I’ve always been partial to the view of the mind as a giant combination lock, so this isn’t exactly persuasive. But more importantly, it is unfair to the lock: it understands the input 4358 perfectly well, and the fact that it doesn’t unlock the door when that combo is entered is proof enough.
But this is the same problem all over again. What a system understands must be a function of what it can do, and perhaps of what it is supposed to do. We want a combination lock to understand the difference between the correct key and an incorrect one, in a perfectly unmetaphoric sense of understanding: it instantiates a system that acts on the difference. The smoke detector likewise understands the difference between the presence of smoke and the absence of smoke, and can act on that difference as well, in ways that are relevant to other agents who care about the presence of smoke. Because the smoke detector knows nothing of fire, and because the lock doesn’t know what its keeping in (or out), doesn’t say anything against its understanding of what matters.
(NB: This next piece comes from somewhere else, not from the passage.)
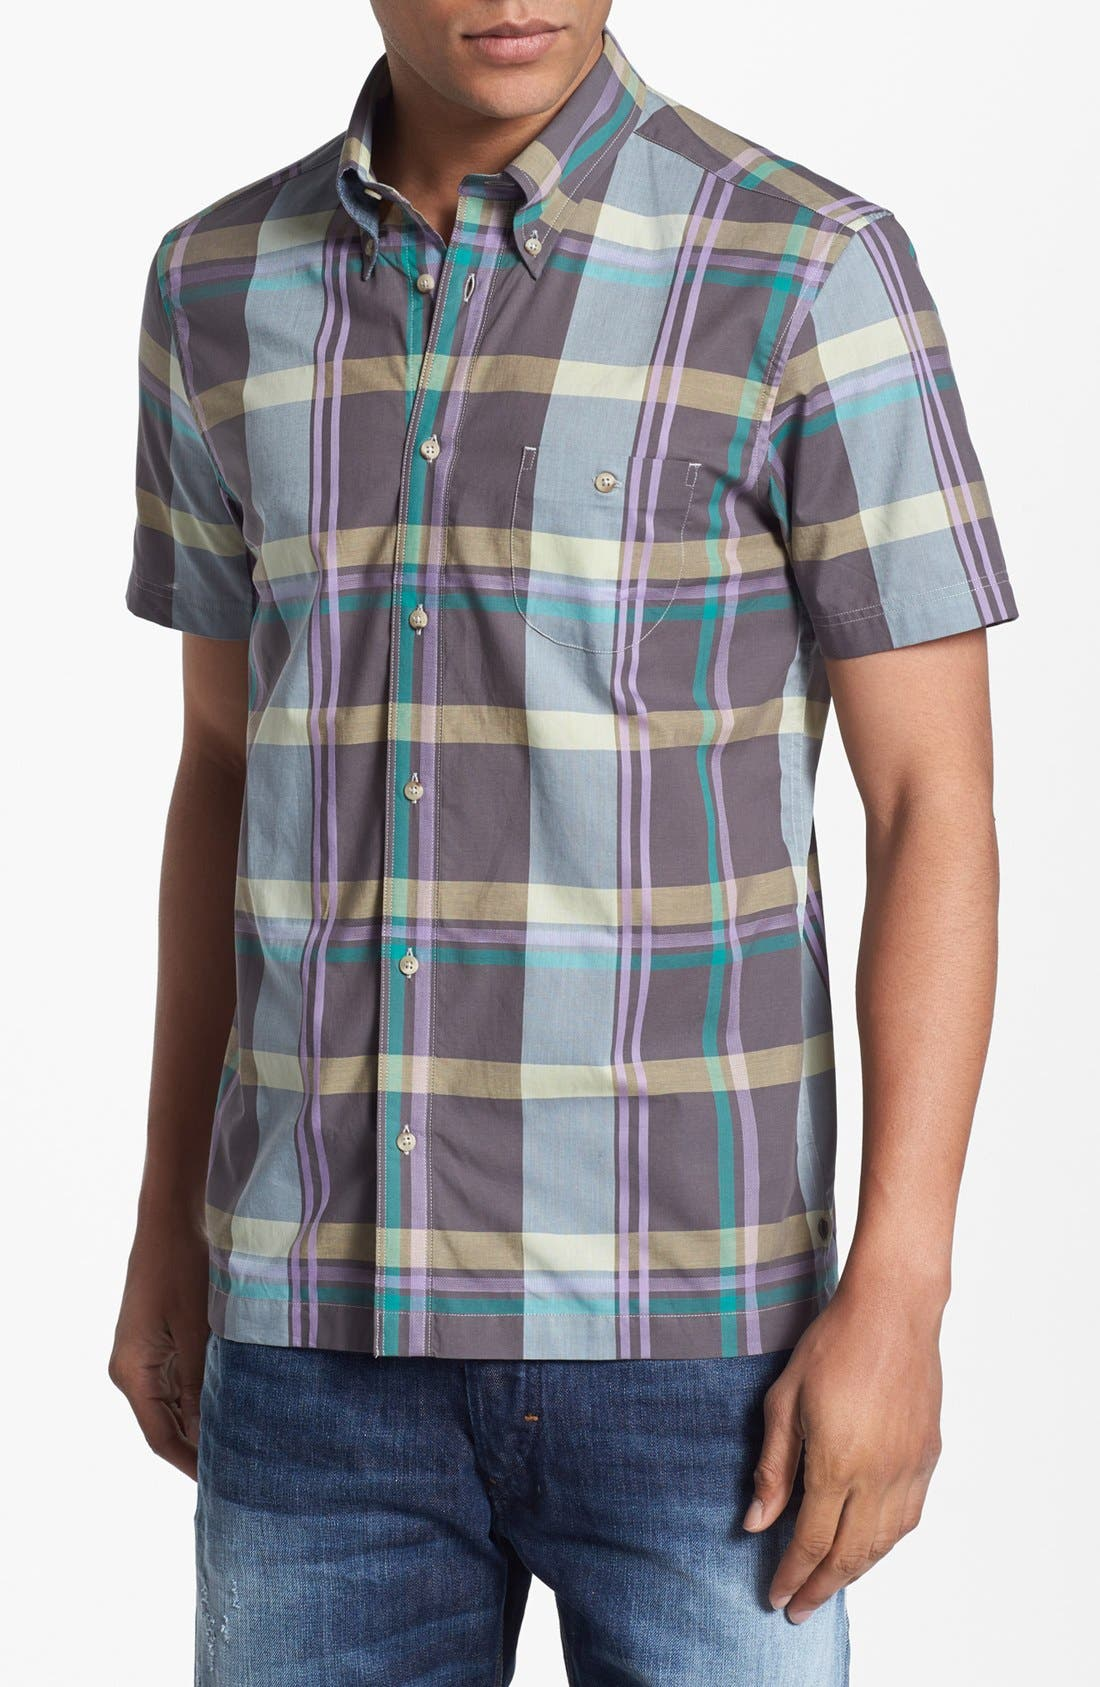 Main Image - Ben Sherman Plaid Short Sleeve Woven Shirt

Google understands the semantic properties of words in a language, and can do amazing things with that information. It doesn’t know what a chair is because it never needs to sit down, but it can distinguish between department heads and futons quite easily. The fact that these kinds of distinctions generalize across languages shouldn’t undermine it genuine contributions to any particular language. Besides, that’s all we ever wanted Google to do. We don’t ask for it to summarize or analyze articles, we ask it to group and rank them according to their content. And Google’s work to that end is evidence of a robust, objective, and perfectly legitimate understanding of certain salient features of the language, not to mention what is perhaps the most complete understanding of the internet available (which is in some ways more impressive).
Pullum’s point, and this kind of skeptical argument generally, seems to bottom out in the simple assertion, which is almost undeniable, that what counts as salient differs greatly between the human and the computer. But at most this supports the claim that humans and machines understand language differently. It cannot and should not be used to establish the presence or absence of understanding itself.